• [Required work] Transcribe the full listing without changing a word, and omit its pictures.

[Start of Attachment]

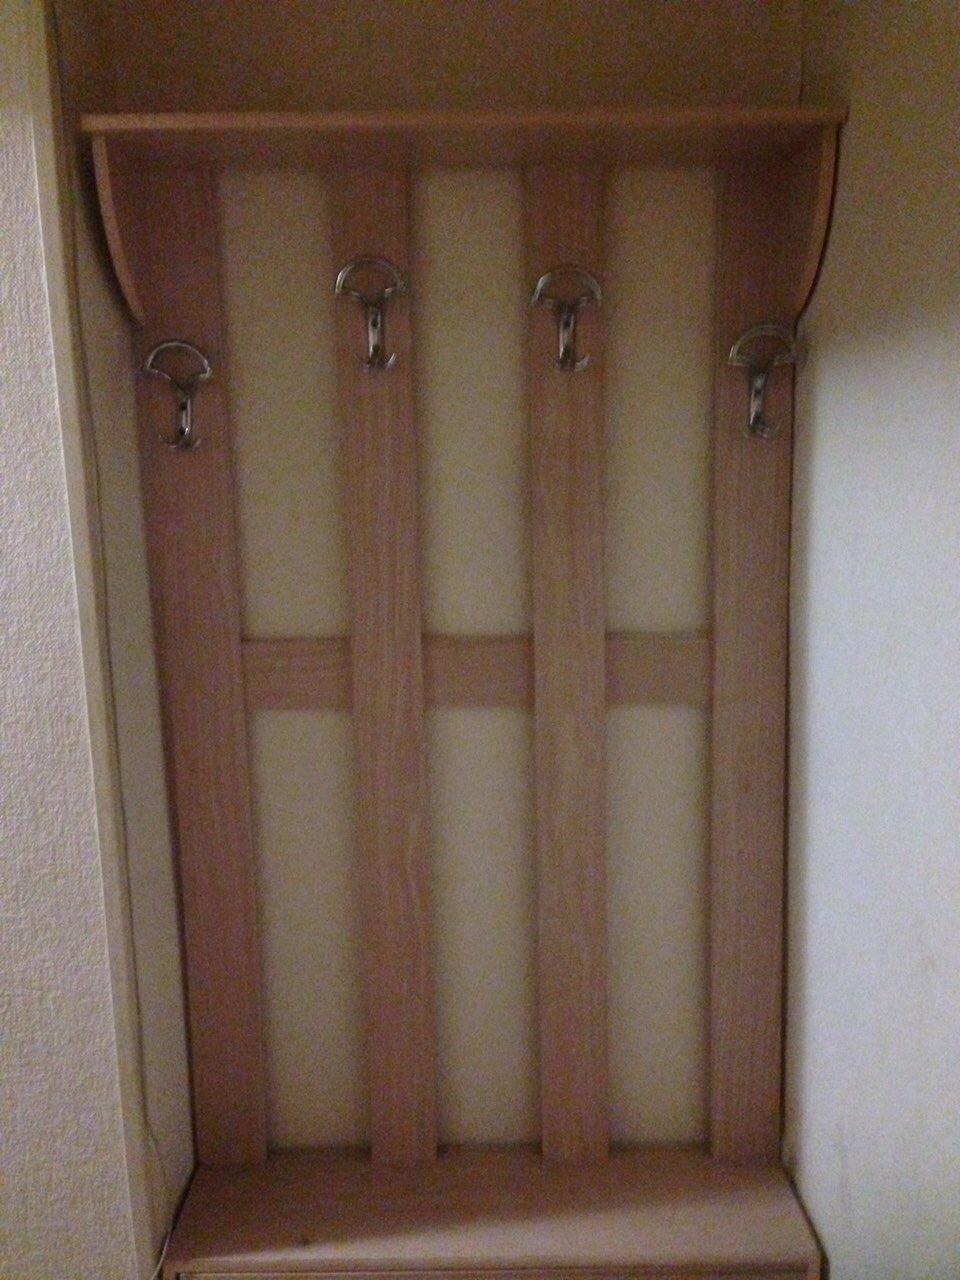 Сдам 2-комнатную квартиру в городе Саратов, на улице Большая Горная, 219, 1-этаж 14-этажного  дома, площадь: 53/32/9 м2
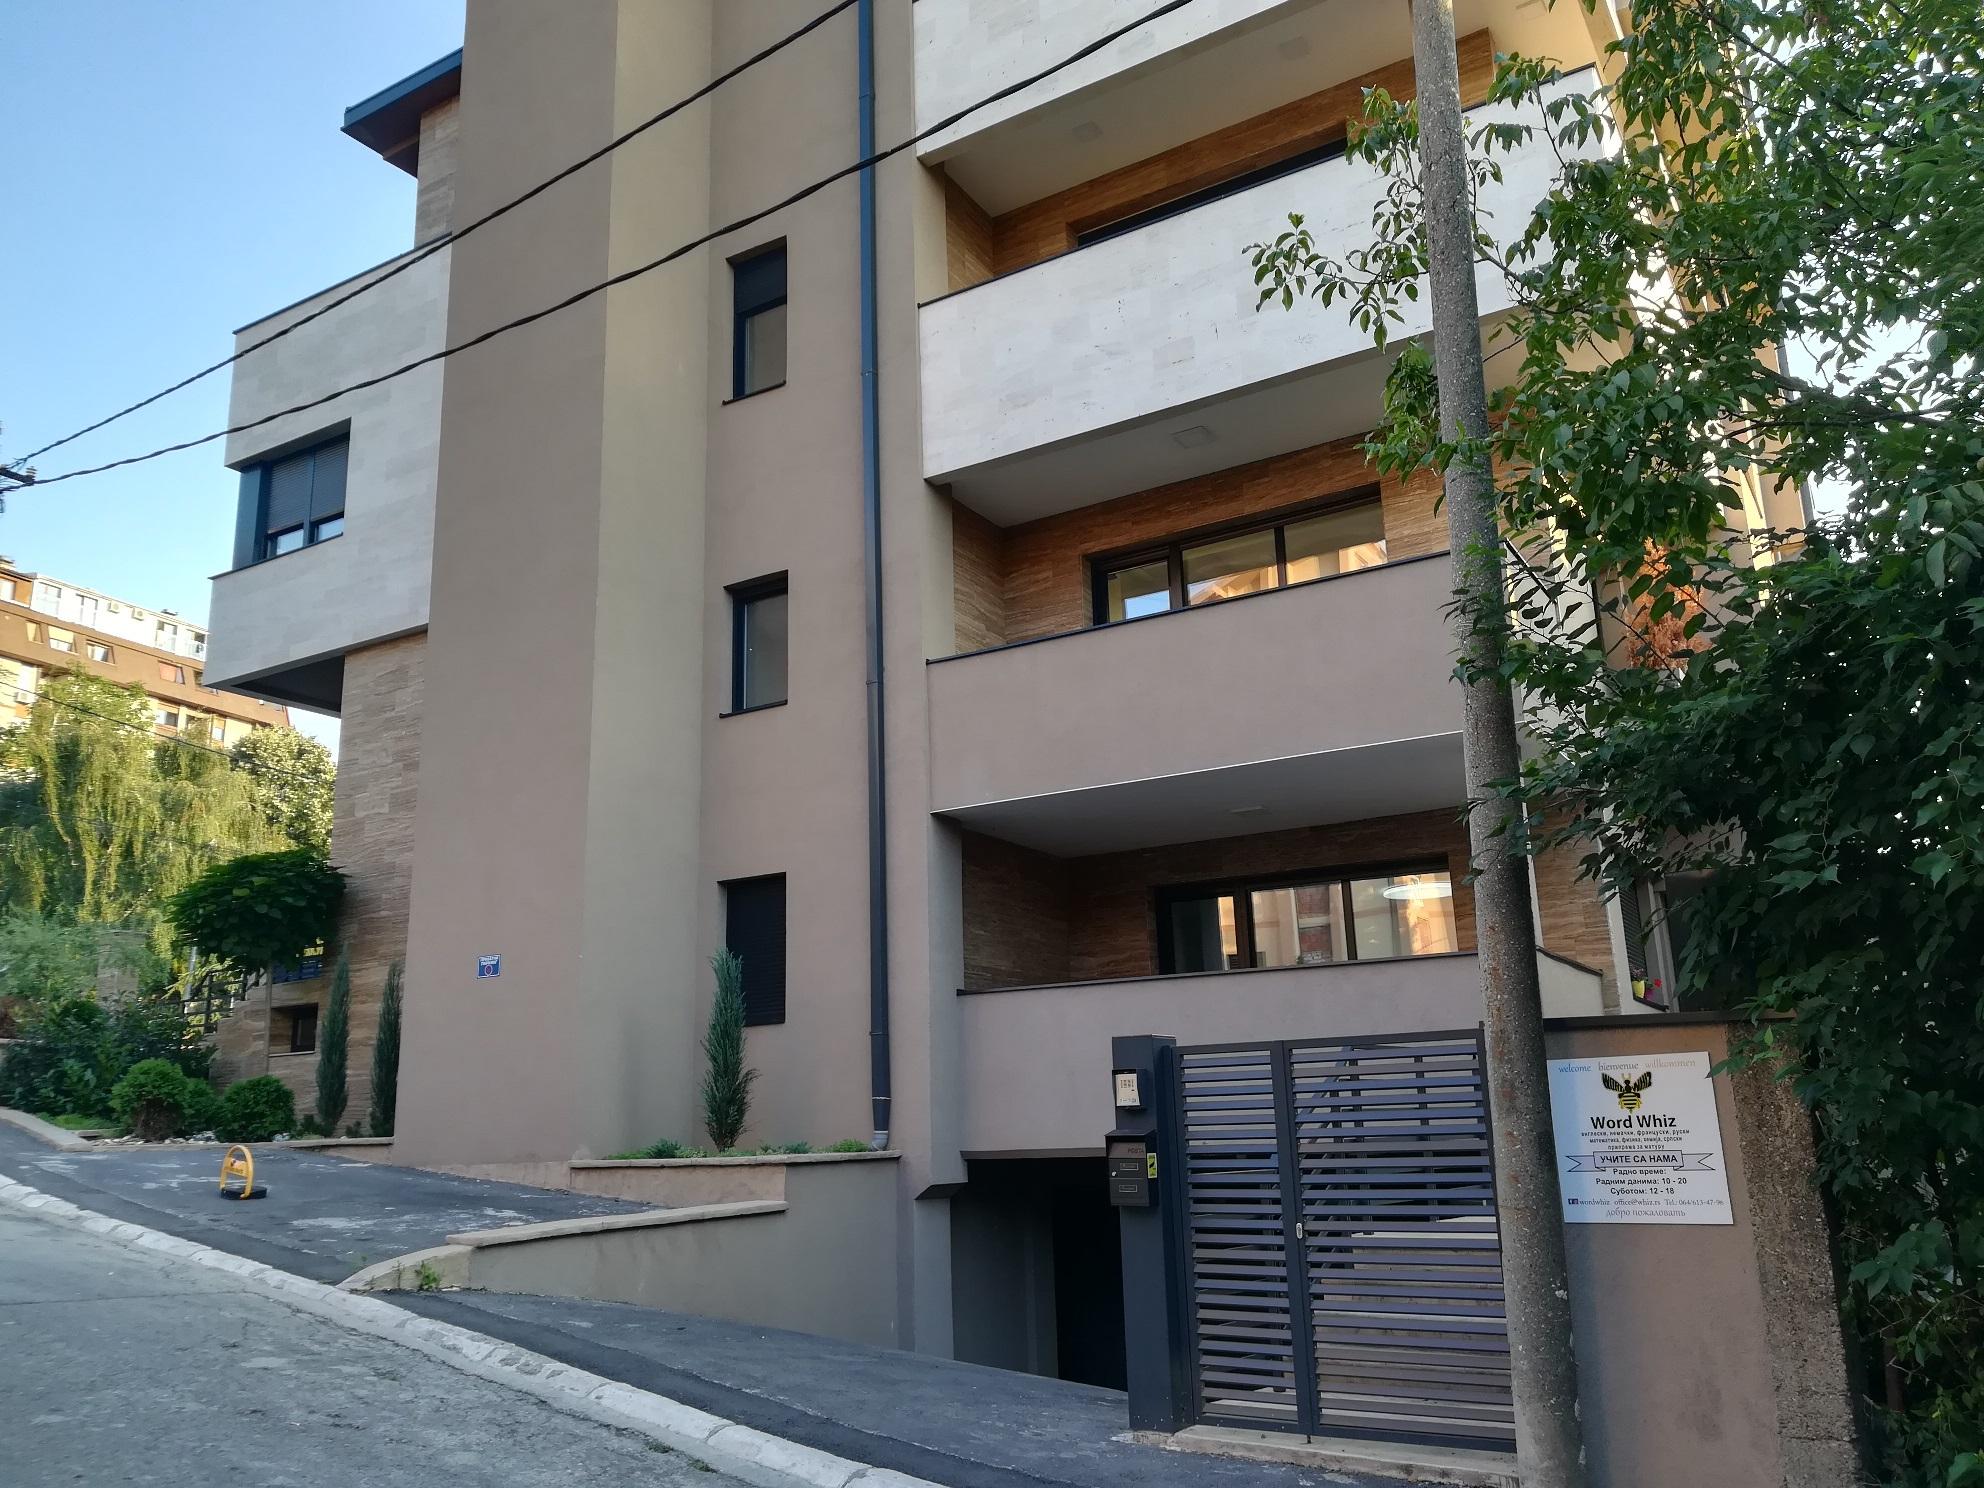 Главни улаз из улице Слободана Принципа - Сеље
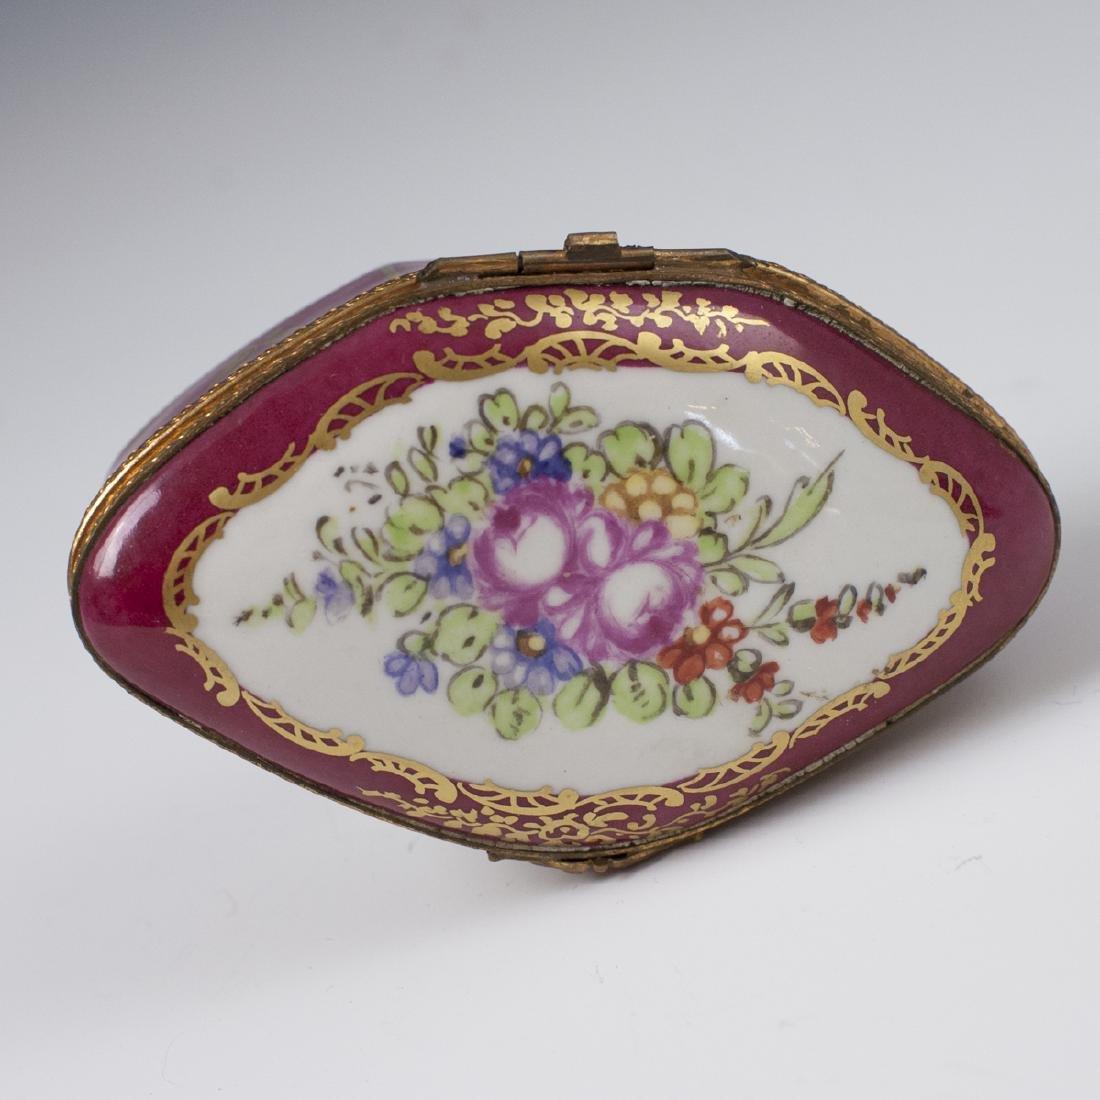 Limoges Sevres Style Porcelain Trinket Box - 2
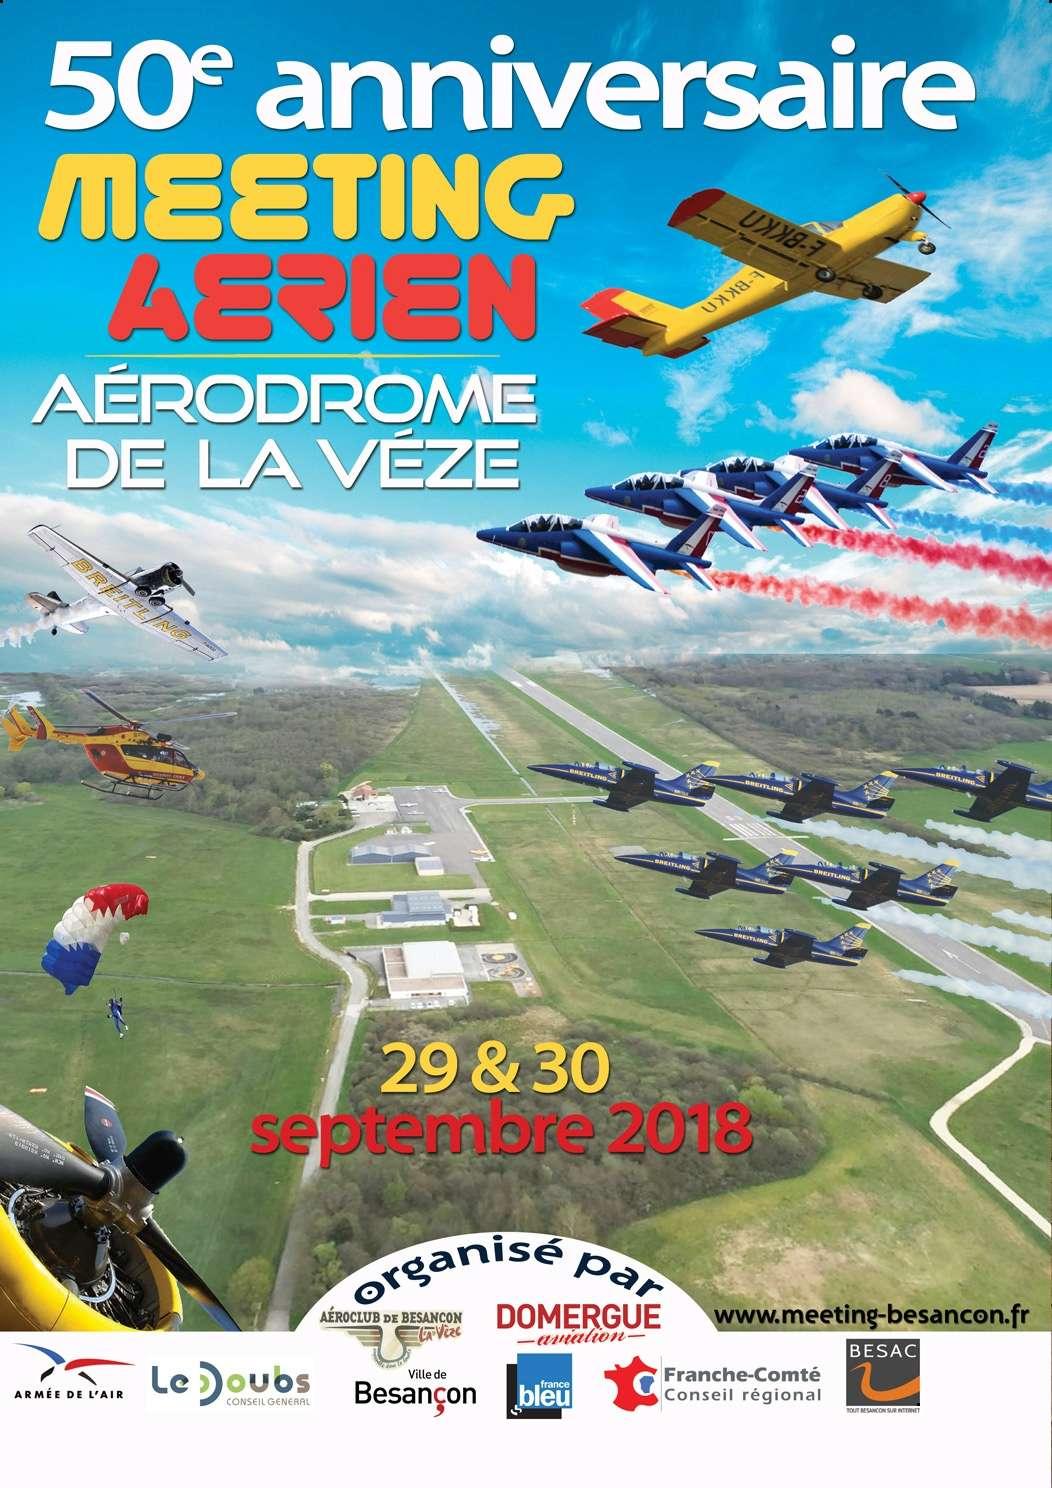 Meeting Aerien Besançon 2018 , 29 et 30 septembre 2018 , Aérodrome de la Vèze , patrouille de france 2018 , meeting aerien 2018
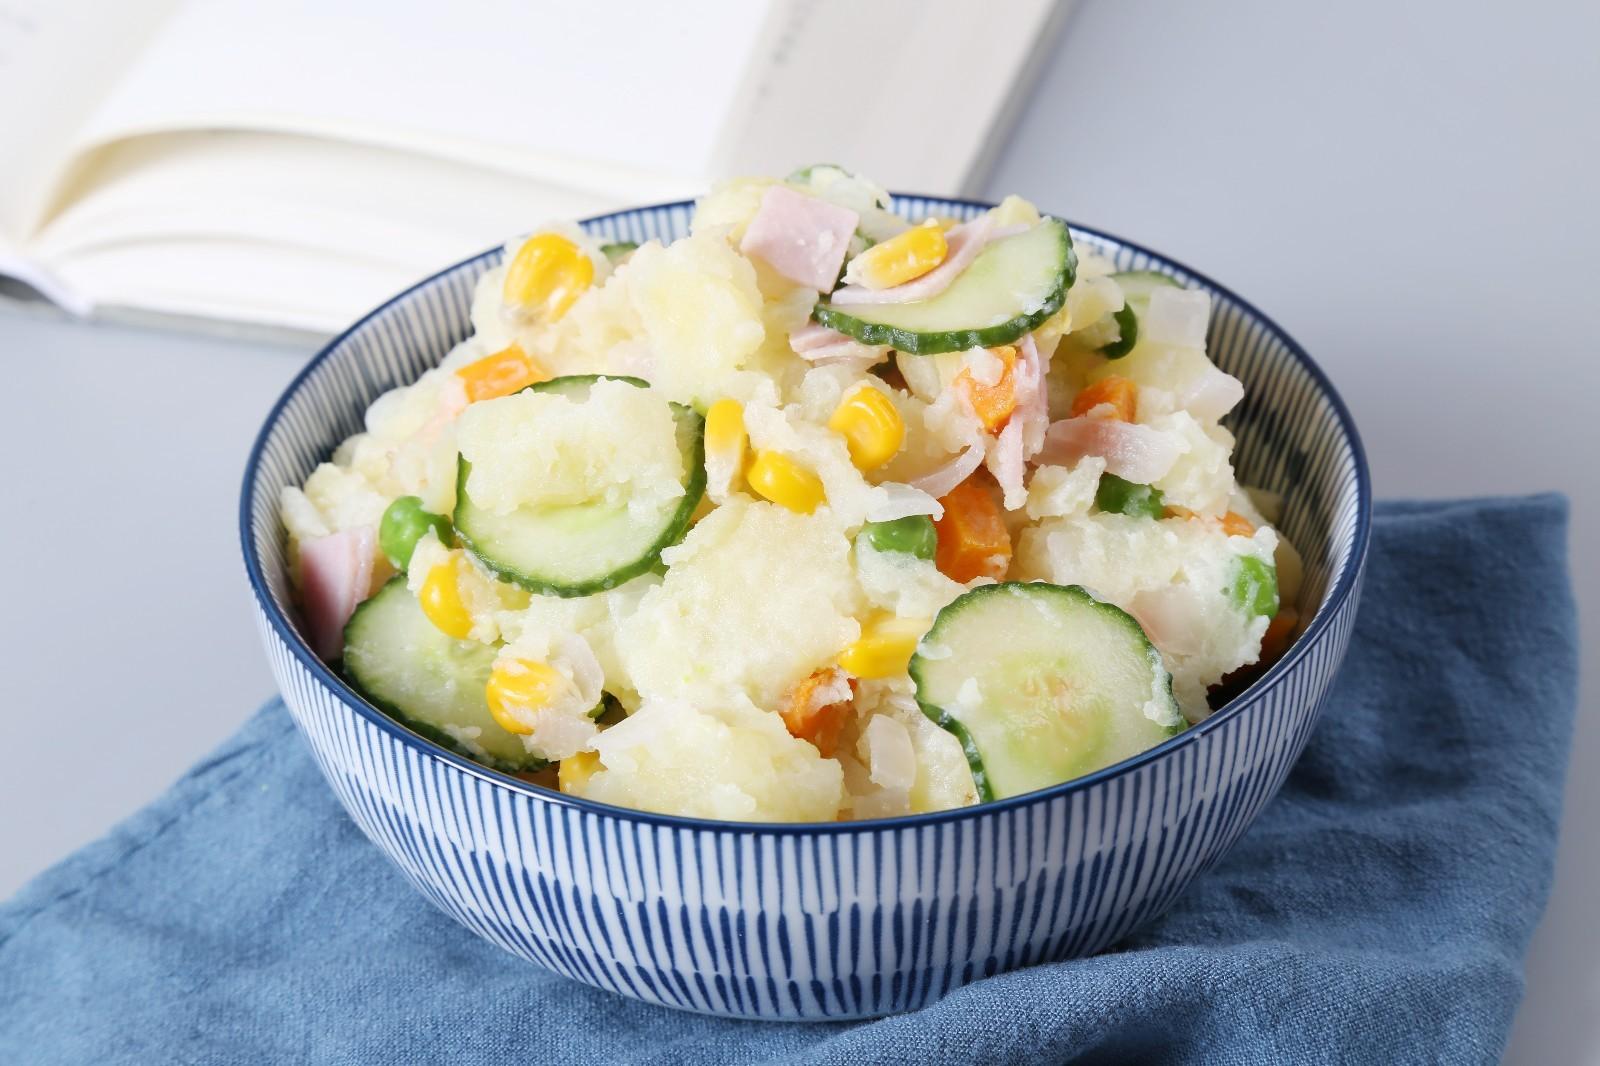 日式土豆沙拉,装碗后,即可食用。</p> <p>夏天吃冷藏食用更佳。

[End of Attachment]

• [Response below]
 Сдам 2-комнатную квартиру в городе Саратов, на улице Большая Горная, 219, 1-этаж 14-этажного  дома, площадь: 53/32/9 м2
 Главни улаз из улице Слободана Принципа - Сеље
 Limoges Sevres Style Porcelain Trinket Box - 2
 Meeting Aerien Besançon 2018 , 29 et 30 septembre 2018 , Aérodrome de la Vèze , patrouille de france 2018 , meeting aerien 2018
 日式土豆沙拉,装碗后,即可食用。</p> <p>夏天吃冷藏食用更佳。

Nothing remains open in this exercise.